Stable Interacting (2 + 1)d Conformal Field Theories at the Boundary of a class of (3 + 1)d Symmetry Protected Topological Phases

TL;DR

This paper investigates the boundary phases of 3D SPT states using a (2+1)d nonlinear sigma model with a WZW term, identifying a stable conformal fixed point through combined large-N, large-k, and epsilon-expansion methods.

Contribution

It introduces a novel approach combining large-N, large-k, and epsilon-expansion to locate stable fixed points in boundary theories of 3D SPT phases.

Findings

Identified a stable fixed point in the quantum disordered phase.

Demonstrated the effectiveness of combined large-N, large-k, and epsilon-expansion methods.

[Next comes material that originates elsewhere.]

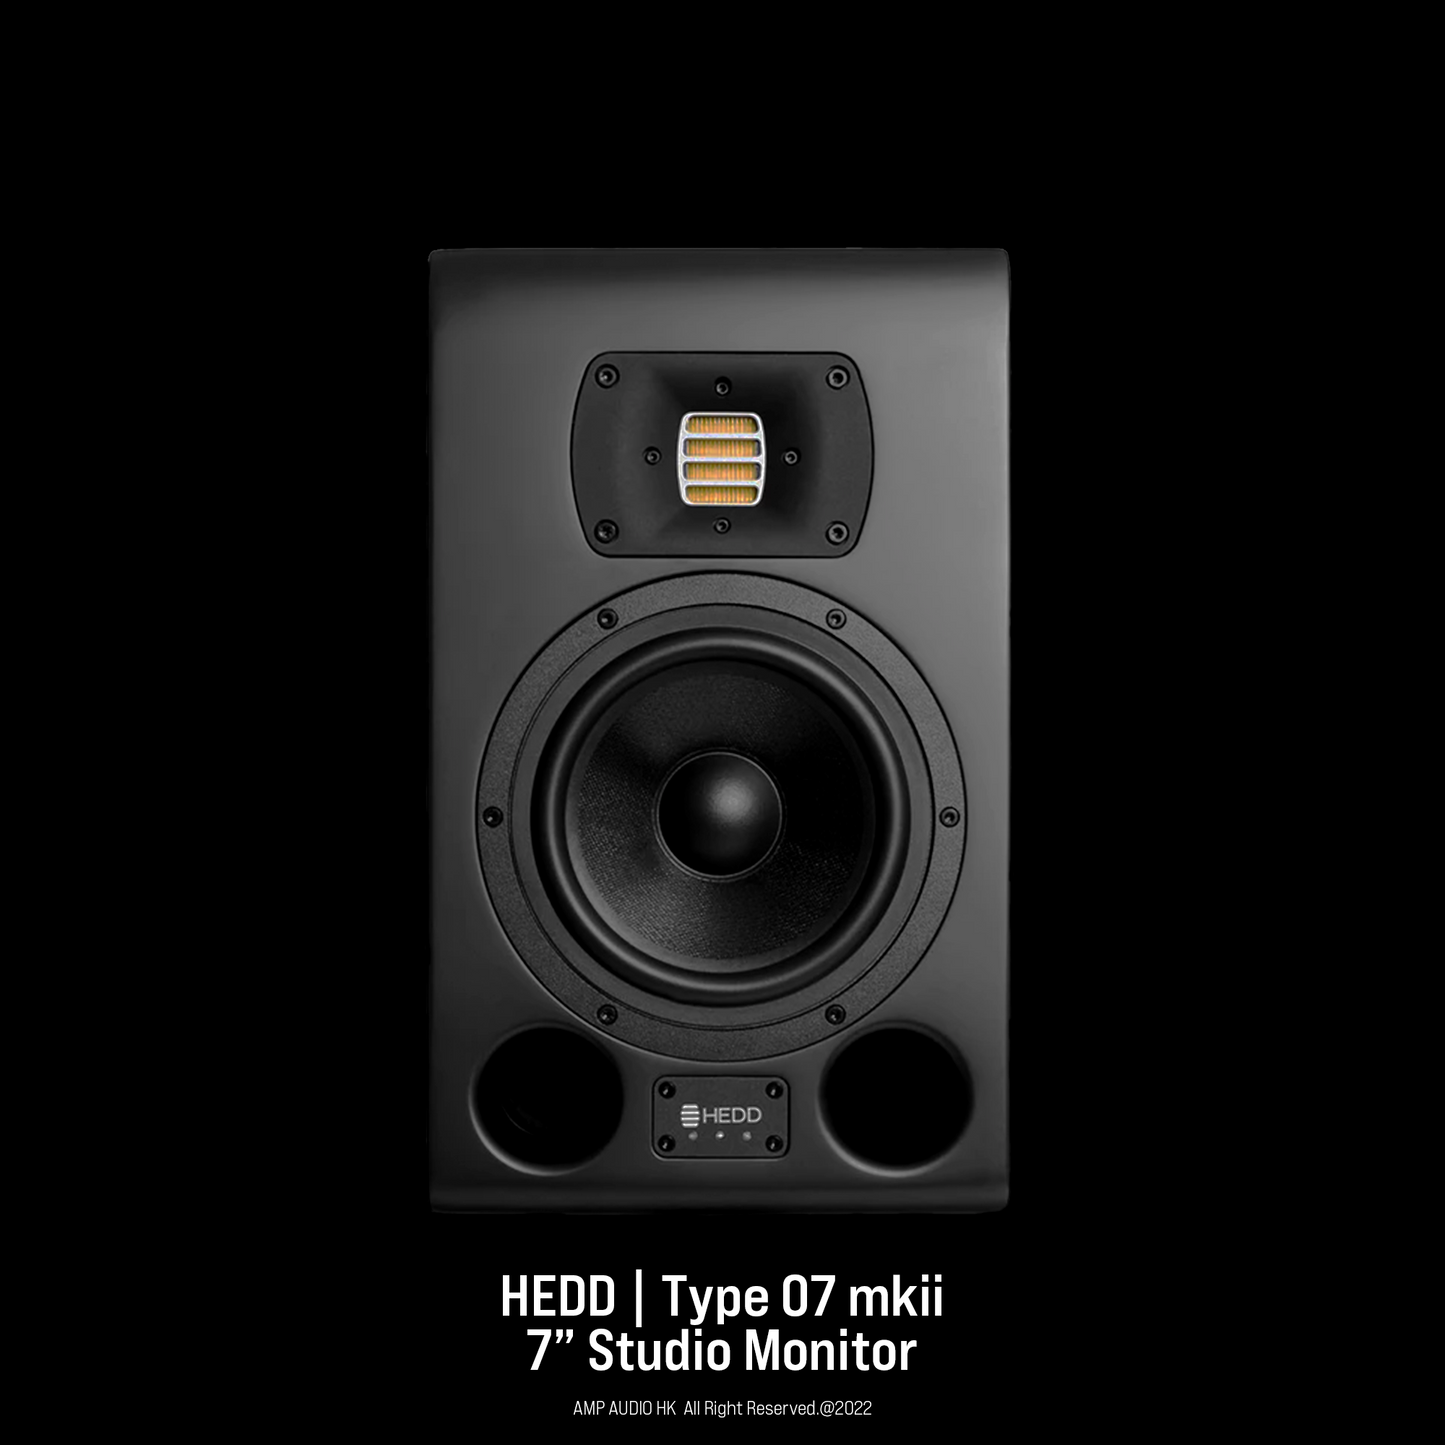 HEDD Audio | Type 07 mkii

Connected boundary conformal field theories to topological phases.

Abstract

Motivated by recent studies of symmetry protected topological (SPT) phases, we explore the possible gapless quantum disordered phases in the $(2+1)d$ nonlinear sigma model defined on the Grassmannian manifold $\frac{U(N)}{U(n)\times U(N - n)}$ with a Wess-Zumino-Witten (WZW) term at level $k$, which is the effective low energy field theory of the boundary of certain $(3+1)d$ SPT states. With $k = 0$, this model has a well-controlled large-$N$ limit, $i.e.$ its renormalization group equations can be computed exactly with large-$N$. However, with the WZW term, the large-$N$ and large-$k$ limit alone is not sufficient for a reliable study of the nature of the quantum disordered phase. We demonstrate that through a combined large-$N$, large-$k$ and $\epsilon-$generalization, a stable fixed point in the quantum disordered phase can be reliably located in the large$-N$ limit and leading order $\epsilon-$expansion, which corresponds to a $(2+1)d$ strongly interacting conformal field theory.